Le Chevalier du labyrinthe (French for The Knight of the Labyrinth) is a French game show that aired for 104 episodes from 1990-1991 on Antenne 2. It was based on the British TV show Knightmare.

==Gameplay==
Each episode would feature a team of four children (referred as knights). At the beginning of the game one member of the team would wear a helmet which blocked their vision. That child would then be sent into the labyrinth, a computer-generated maze made by Chromakey technology. The other three teammates acted guides, telling the child in the labyrinth what to do. Contestants would solve puzzles and riddles given by the labyrinth's various characters while accumulating knowledge for the final stage of the game.
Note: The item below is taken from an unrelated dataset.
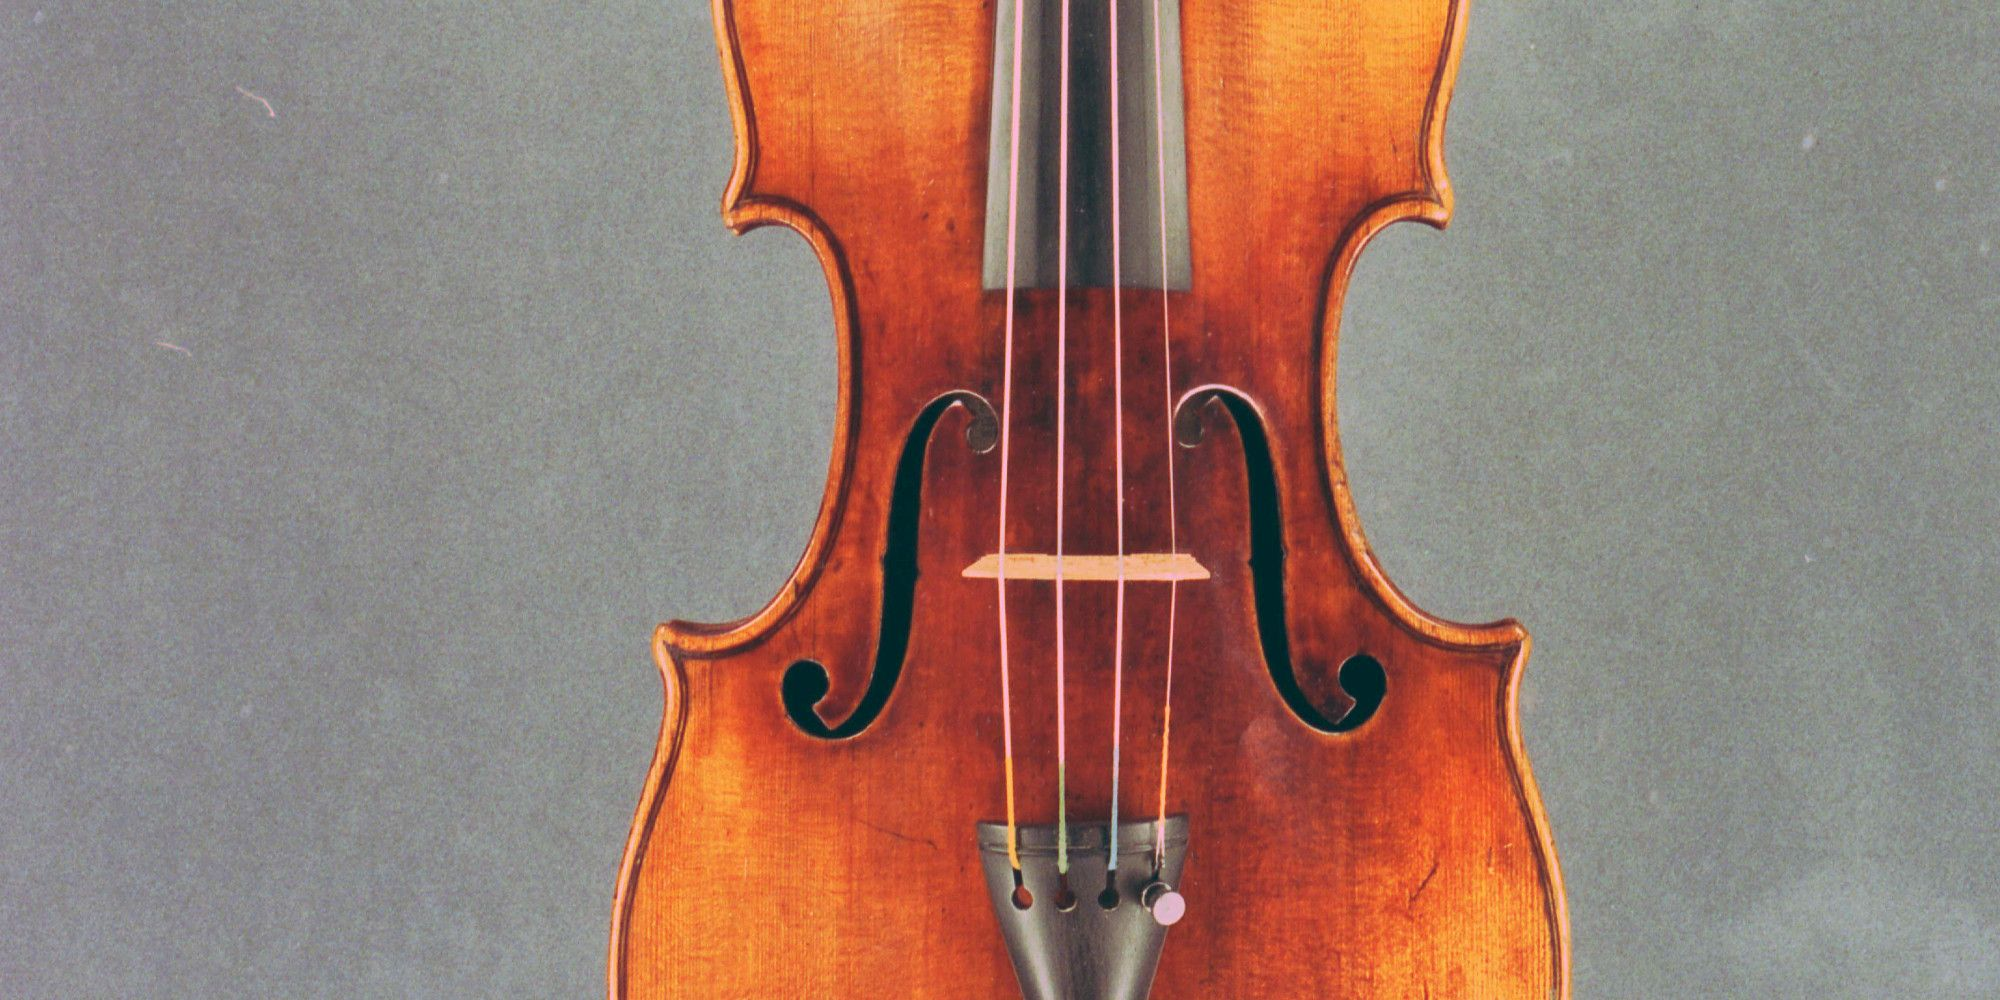 300 Year Old Stradivarius Violin Stolen From Milwaukee Symphony Stradivarius Violin Violin Stradivarius

In the final stage the Knight in the labyrinth would remove their helmet and solve one last puzzle, against a time limit (represented by a bomb fuse). If solved, the contestant could release an enchanted sword and the team would receive a prize (during the first year, a Master System).

If the contestant made a mistake, such as walking into a virtual flame, they would "die". Then another member of the team would enter the labyrinth, wearing the helmet. If three members of the team "died", the team would lose.

==The Prizes==
A Sega games console and a Chevalier du Labyrinthe board game.

==The Characters==
- Le Maître du Château - The host of the show, whose name means "The Master of the Castle". He would occasionally give the team some advice. He was played by Georges Beller.
- Merlin- A wizard. He is the person that takes the teammates to the final challenge. But only if they answer two questions. He was played by René Lafleur.
- Crom- A monster who lived in the walls. He asked questions to the knights. Voiced by René Lafleur
- Laelith- The female version of Crom. Voiced by Chantal Garrigues.
- Mandragore- A witch, played by Chantal Garrigues.
- Tharock- An evil wizard. He hates Merlin and the Knights. He was played by René Lafleur
- Bouffon- A jester, played by Lionel Muzin.
- Iselle - a princess. She was Played by Véronique Moëst in season one, and Marine Jolivet in season two.
- Velda- A warrior who was also played by Véronique Moëst in season one, and Marine Jolivet in season two.
- Le corbeau - A crow who asked the knights riddles, voiced by Lionel Muzin.
- Tasdos- A skeleton, played by Lionel Muzin.
- Morgane- A fairy. She lets the team see Merlin, if they could correctly answer her questions. She was Played by Véronique Moëst in season one, and Marine Jolivet in season two.

==Merchandise==
Milton Bradley made a board game based on the series. An EP that featured music from the show was released.